## Assignment
Give an exact copy of the line that has "This elegant ring" and of every line below it, through the last, with nothing else.

## Exercise materials
==========

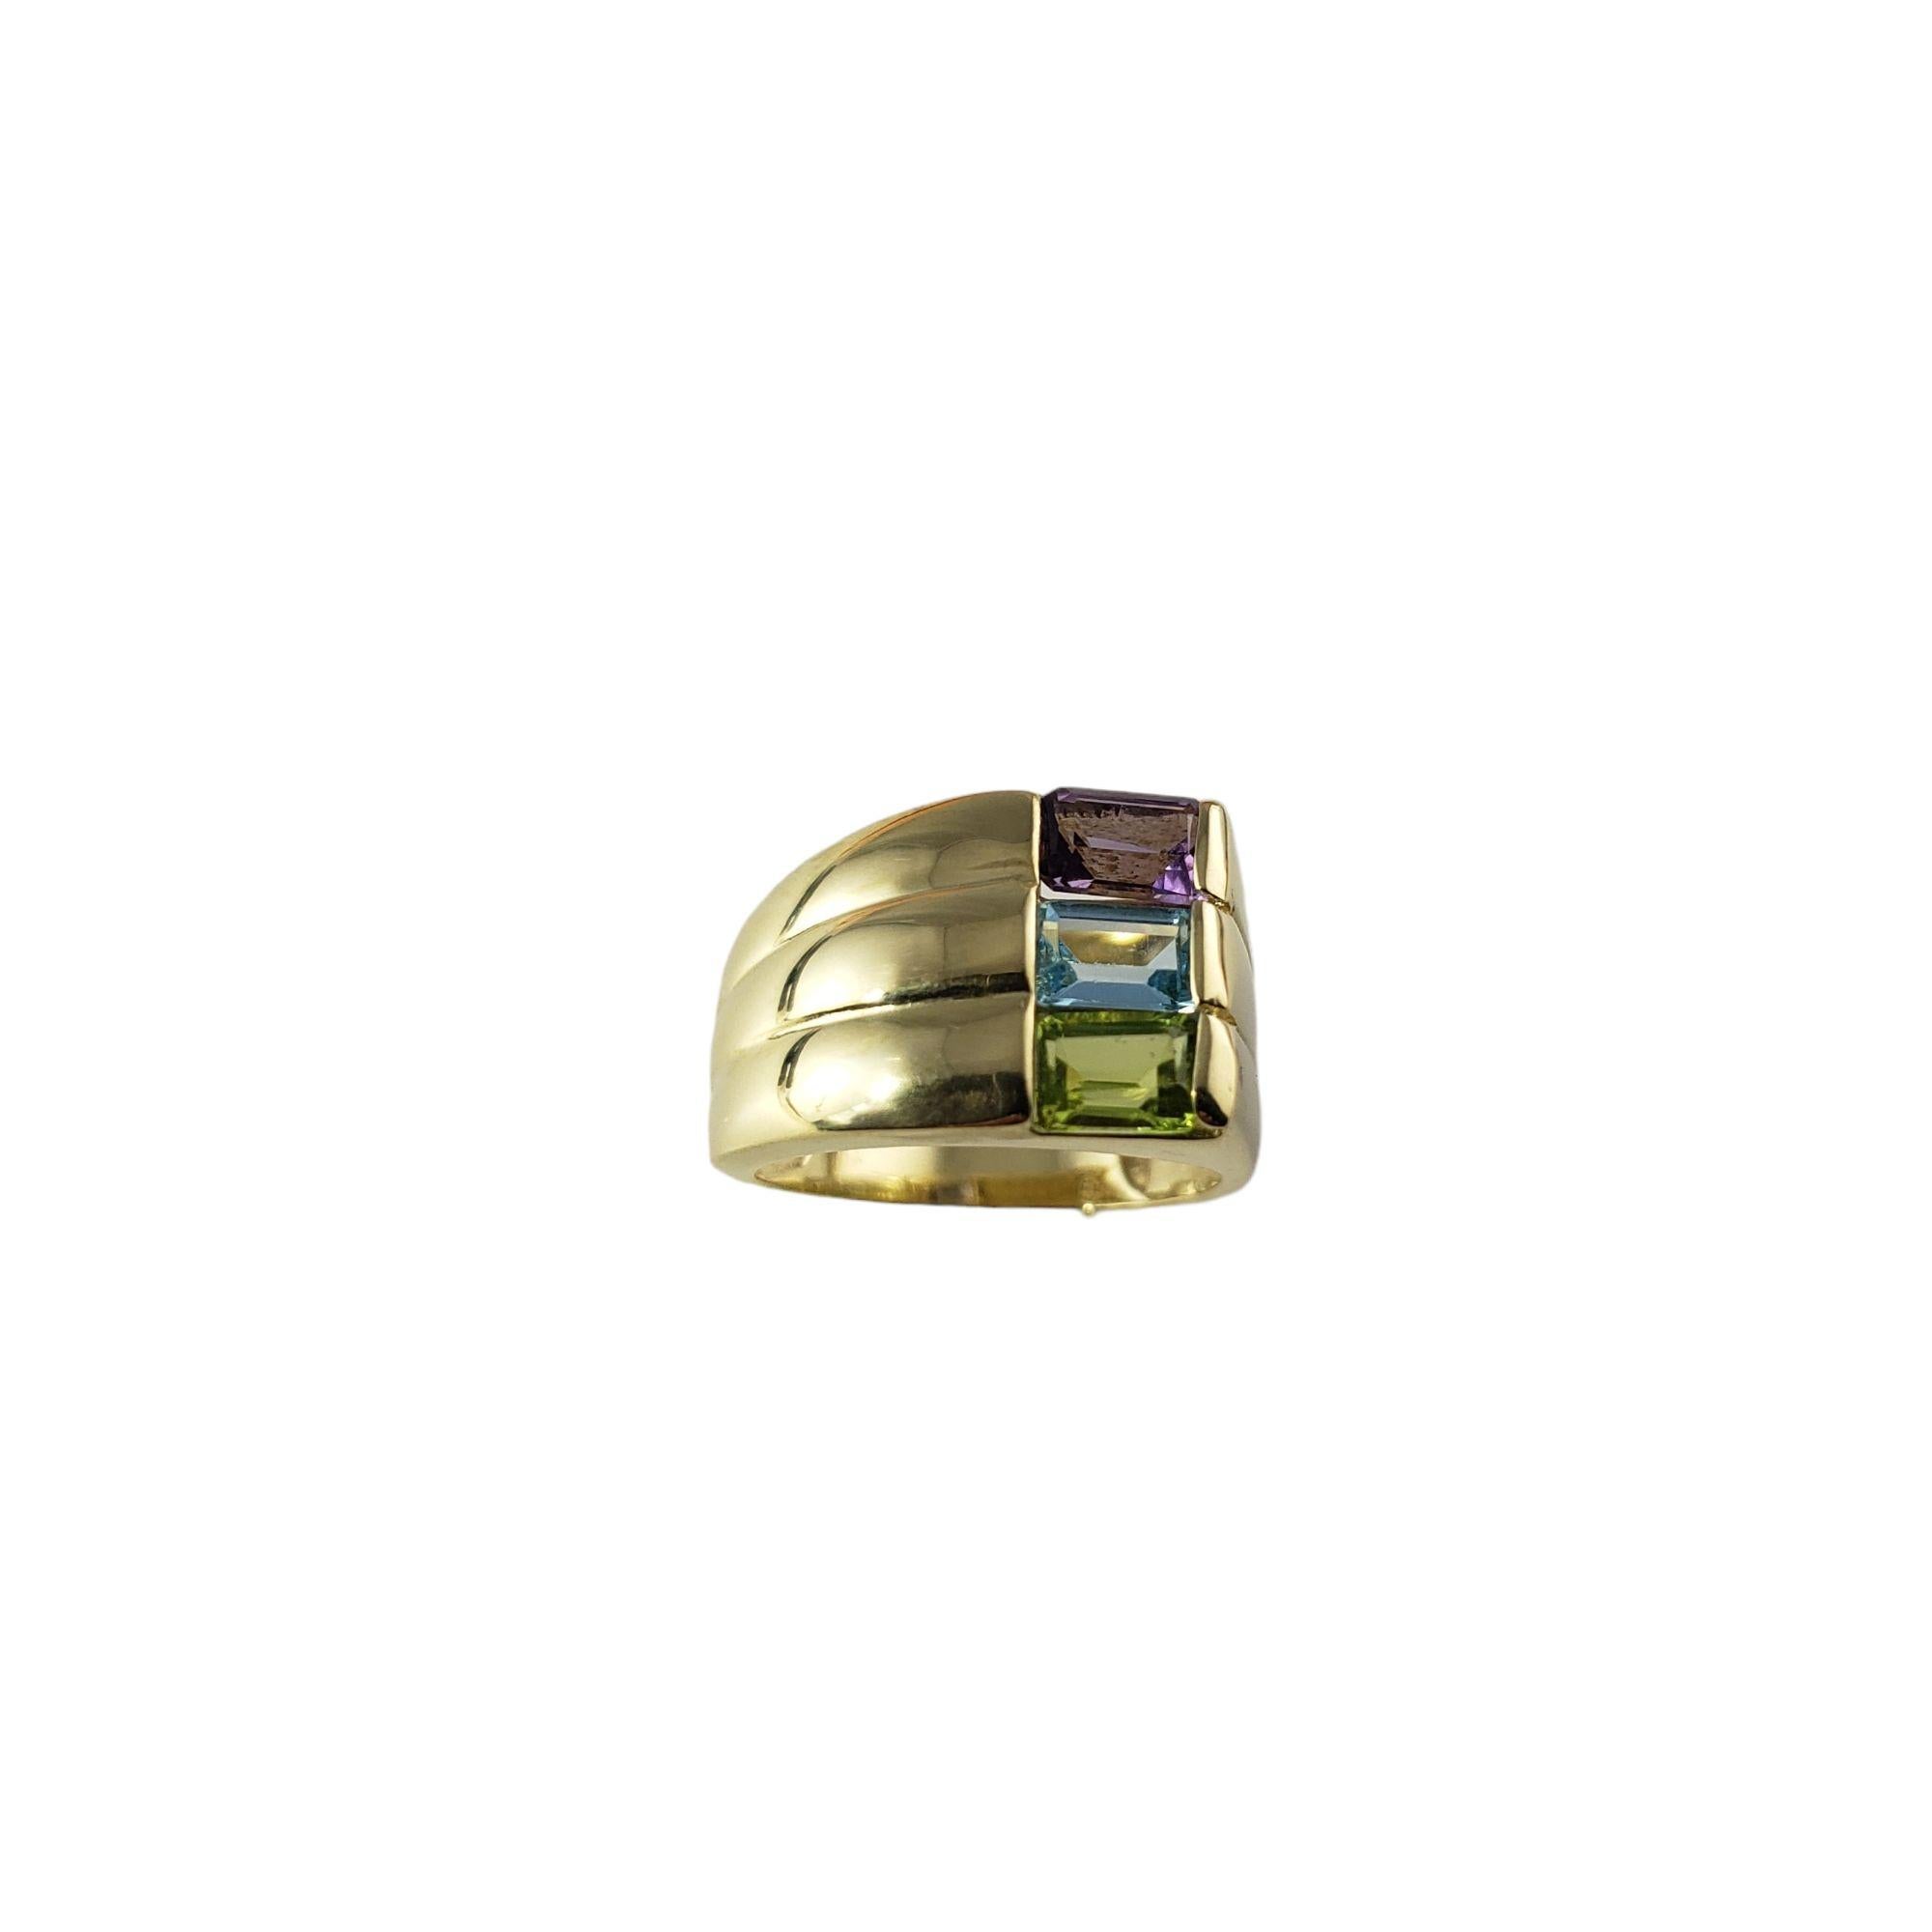 Vintage 14 Karat Yellow Gold Peridot, Amethyst and Topaz Ring Size 6.25-

This elegant ring features one amethyst , one peridot and one blue topaz set in beautifully detailed 14K yellow gold.  Width: 13 mm.

Shank: 3 mm.

Size:  6.25

Weight:  6.5

==========

## Task result
This elegant ring features one amethyst , one peridot and one blue topaz set in beautifully detailed 14K yellow gold.  Width: 13 mm.

Shank: 3 mm.

Size:  6.25

Weight:  6.5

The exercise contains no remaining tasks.